Health Insurance Reimbursement & Payment Options

Testing for hereditary cancer risk is becoming more common, especially as healthcare provides new options for cancer risk reduction to physicians and patients. Most insurance carriers cover genetic testing services. In fact, although each situation is unique, the average patient pays only 10% of the test price out-of-pocket. Myriad assists in obtaining reimbursement for the genetic tests we offer. Our goal is to ensure that you receive the appropriate coverage from your plan and are aware of your own financial obligations prior to testing.

Your Healthcare provider documents certain key ancestry and personal history information and designates the appropriate test for you on Myriad's Test Request Form. On the same form, you choose a payment option by checking the appropriate box. If you choose Insurance Billing, your signature is also required in the Insurance billing section.

Payment options are outlined below:

Option 1— Insurance Billing
If you choose Insurance Billing on the Test Request Form, Myriad will verify coverage and determine your responsibility. If your coinsurance responsibility will exceed $375, prior to processing your specimen, we will contact you directly within three business days after sample receipt at Myriad to discuss the specifics of your case and options available to you. If coinsurance is NOT expected to exceed $375, you are not contacted and your specimen processing begins immediately.
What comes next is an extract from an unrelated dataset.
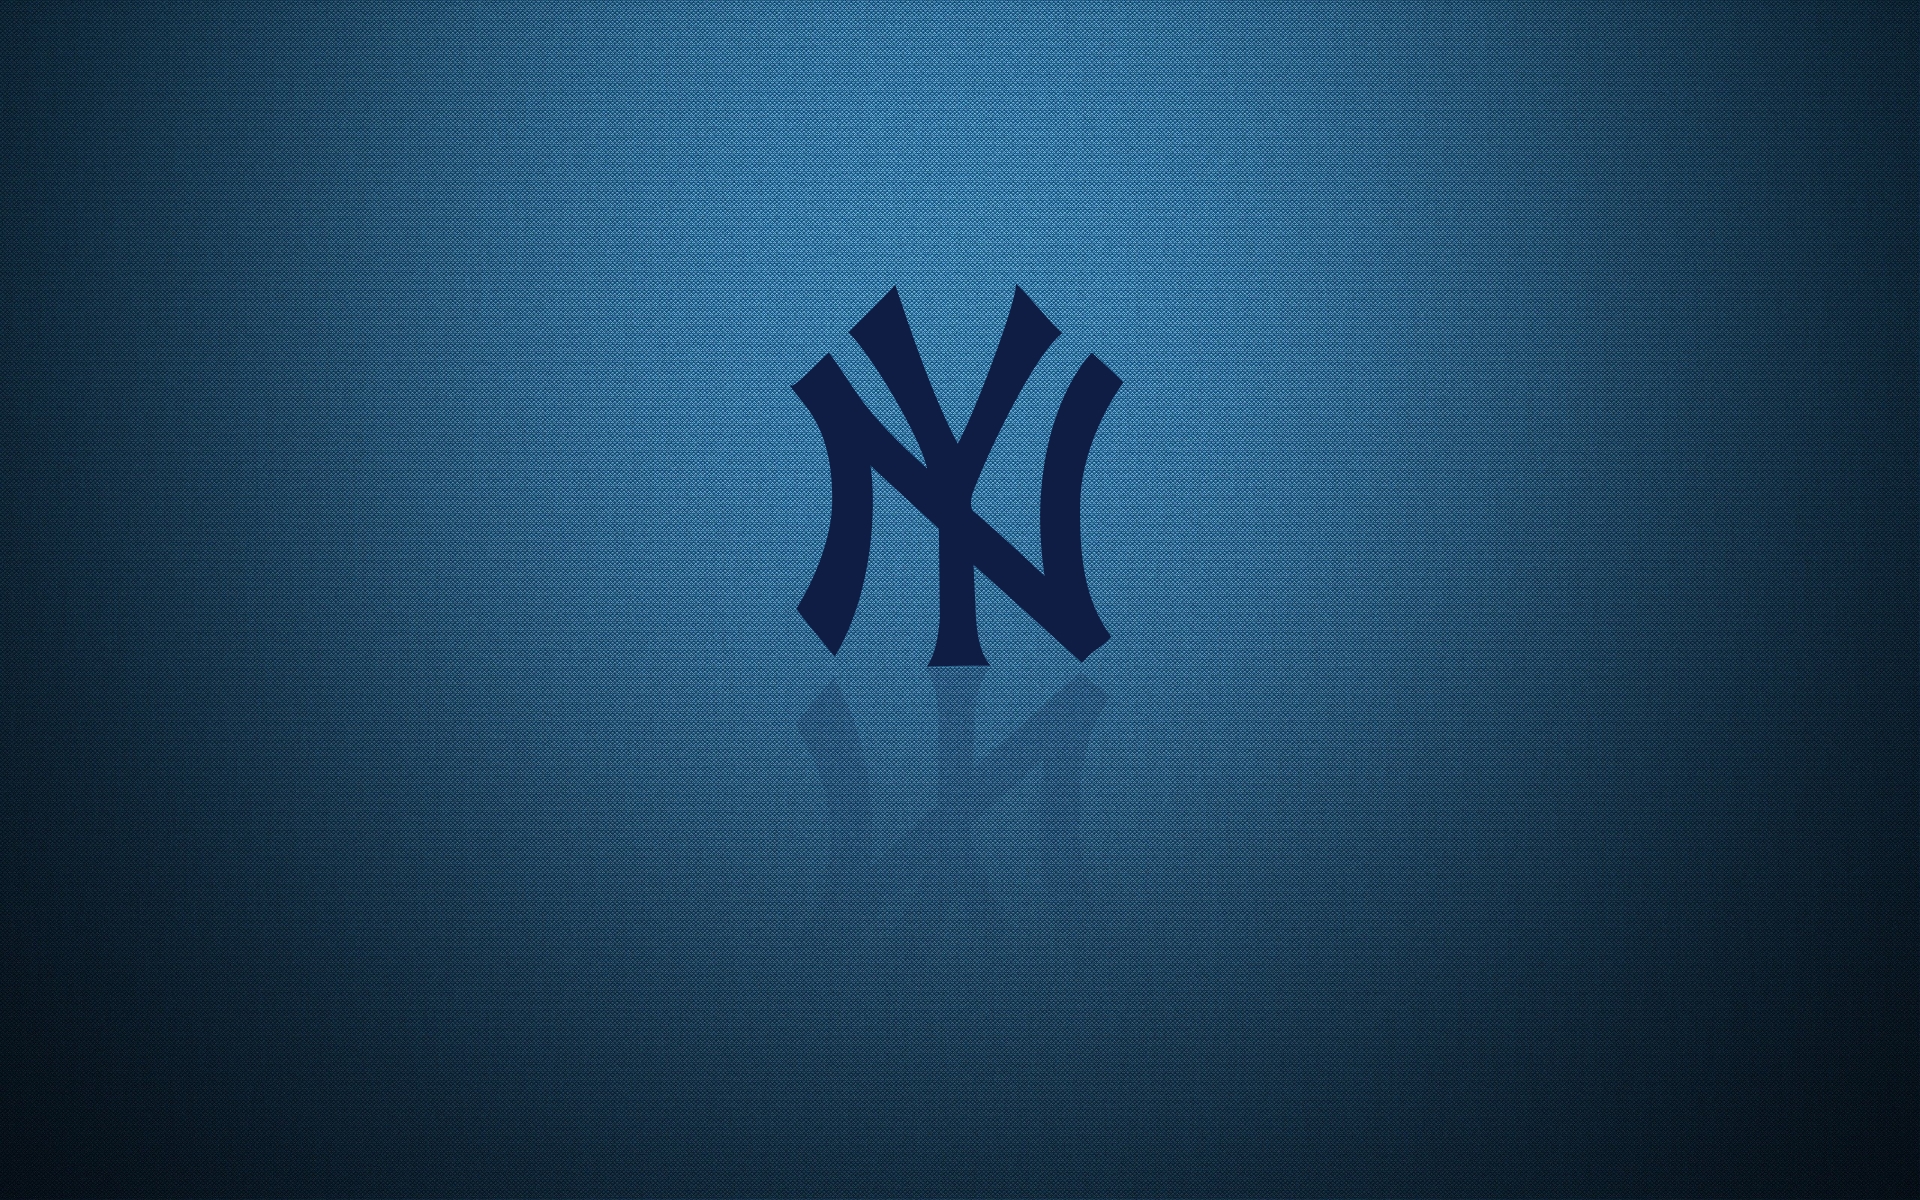 New York Yankees Logos

Note: Although rare, some insurers may require a pre-authorization before the sample is submitted for testing, which may delay the start of the test. We will contact the healthcare provider if this is the case.

You must sign the Insurance Billing Patient/Responsible Party signature line on the Test Request Form and submit enlarged photocopies of the front and back of the your insurance card. Myriad will submit bills directly to insurance carriers and will appeal and resubmit claims on your behalf, with input from your authorized healthcare provider as needed. Coinsurance and unmet deductibles are your responsibility.

Option 2— Patient Payment
Pay for the testing service yourself. With your sample, you provide credit card information or a check or money order payable to Myriad Genetic Laboratories, Inc. for the full amount of the test. Contact Customer Service for installment payment options.

Canceling the Test
If you cancel a test before it is started, you will not be charged. Testing is usually started 24-48 hours after receipt at Myriad. Once your test is started, you are responsible for payment of the test.

Medicare
Medicare Patients should select Option 1. Medicare pays for the test when specific criteria are met. Your physician should consult Medicare's web site to determine if you meet Medicare's criteria for genetic testing, and can obtain assistance in interpreting the criteria from Myriad's Medical Services at 800-469-7423. For all Medicare patients, a copy of the signed informed consent is required before testing will begin. For patients who do not meet Medicare criteria, a signed Advance Beneficiary Notice (ABN) is also required to be received by Myriad before testing will begin. Because Medicare will likely not cover test costs for patients who do not meet Medicare criteria, test costs will be billed to you.

Myriad Financial Assistance Program
Myriad is able to offer testing at no charge to uninsured patients that meet specific financial and medical criteria. Patients who are recipients of government-funded programs (i.e. Medicaid, Medicare) or those that have any third-party insurance are not eligible to apply.

Qualification requirements and the submission instructions are provided on the Myriad Financial Assistance Program application:

To view the current HHS financial guidelines, please view the link below.
http://aspe.hhs.gov/poverty/index.shtml

Privacy Issues
It is Myriad's policy that test results are disclosed only to the requesting healthcare provider/designee and are not disclosed to anyone else (including insurance carriers) without the written permission of the patient.

Federal and state laws prohibit health insurance discrimination against patients who undergo genetic testing. In 1996, the federal government enacted the Health Insurance Portability and Accountability Act (HIPAA). Under this law, patients in group health insurance plans are protected from discrimination based on genetic information.

Studies have found no documented cases of health insurance discrimination on the basis of genetic testing for hereditary cancer syndromes. Most states have enacted laws further protecting patients from discrimination based on genetic information.